The energy was different, almost playful she thought, she couldn’t quite work it out.  Sparks flew through the air in magical colours, dancing and twirling in the light.  ‘I wonder’ Cassy thought as she placed the silk on the table and laid out the tools of her trade.  Crystal ball in the middle, tarot cards to the left, a candle to the right and a selection of crystals.

Today was the village fair and she had been asked if she would do some readings for charity, it was for a good cause so she willingly accepted.  Cassy hadn’t done readings for some time in public, she wasn’t sure she was up to it after the embarrassment of being called a fraud in the local paper by that reporter.   She had toyed with the request for a while when she was initially asked, but reasoned what was the harm, it was for charity anyway.

Cassy had retrieved her crystal ball and bits and pieces from the box in the back bedroom the night before.  She had put them away after the article was posted through her door, she didn’t want to be seen as the oddity in the village.  That had been several months ago and now she had been asked to get them out again.  She did hope it wasn’t just to mock, she didn’t want to ask the cards if it was a mistake to go ahead, she wasn’t even sure she could anymore.
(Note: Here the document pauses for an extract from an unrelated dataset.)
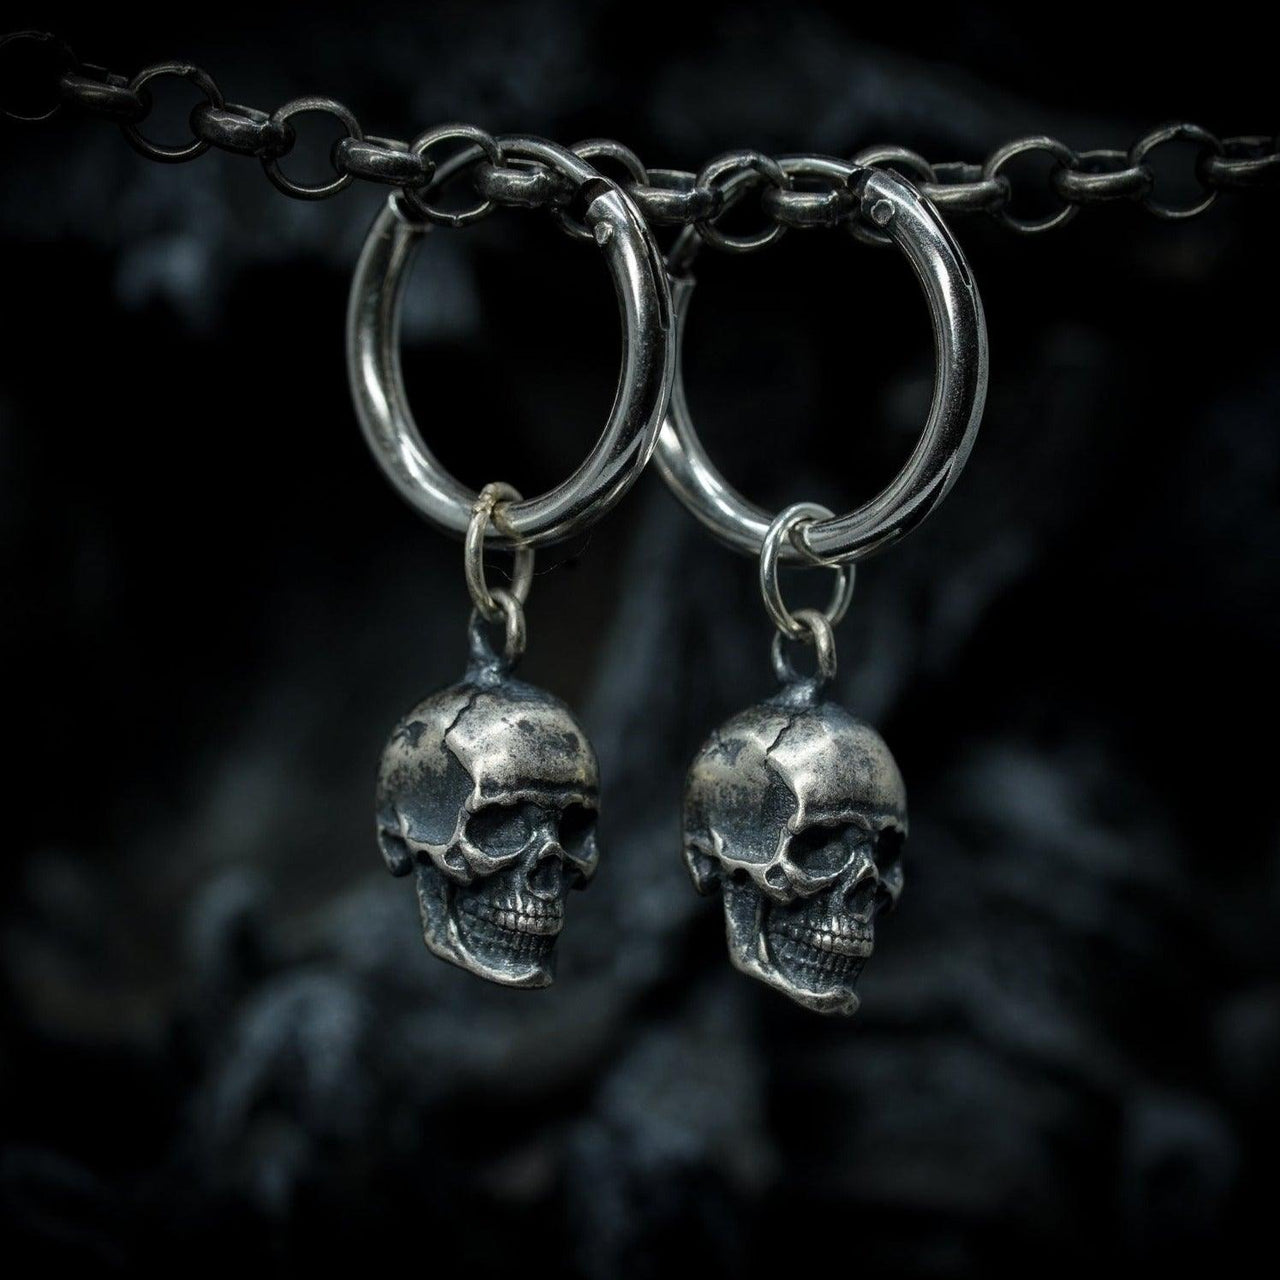 Pair of Skull Drops by Black Feather Design

These last few months had been difficult, the long dark evenings and on her own again.   It would be good to be out again today, mixing with people.  She would love to find some friends here in the village, to hope for anything else was beyond her wildest dreams.

The fate was well under way before Cassy had her first customer, she had been sitting head lowered in a dreamy state when someone sat down in front of her.  She looked up and caught the playful twinkle in his eyes, she held her breath for just a moment longer.   ‘I know this is just for fun, but would you give me a reading’ he said smiling across at her.  Cassy handed him the cards, knowing even before she turned them over this guy was going to be special.

The Cane

‘Your just too soft on them’ she blurted out ‘How will they ever learn right from wrong if you always let them lull about like that?’ She wouldn’t usually have got involved but this was just too much to bare, they were out of control and downright messy to say the least. They needed boundaries, they needed to be pointed in the right direction, he just wasn’t doing them any favours at all.

Last year they had lined up neatly, bowed their heads, they were a delight to see. Today they looked a mess, there was no uniform and they were beyond control just sprawling on the ground as they were. It was disgraceful and more than that it wasn’t fair that she had to look out at them all day!

Frank didn’t say anything, just chewed on that cigar butt and looked out over the garden. He had switched off, he wasn’t listening, she would have to show him it was the only way he would get it. She didn’t want to appear cruel telling him how horrid they were but you had to be cruel to be kind and he needed some help.

Sandra disappeared into the kitchen, returning moments later with a book in her hand. This will help, just follow the instructions and use the cane like it says, if you do what it says you will have a fine, tidy line of perfect green beans in no time at all’.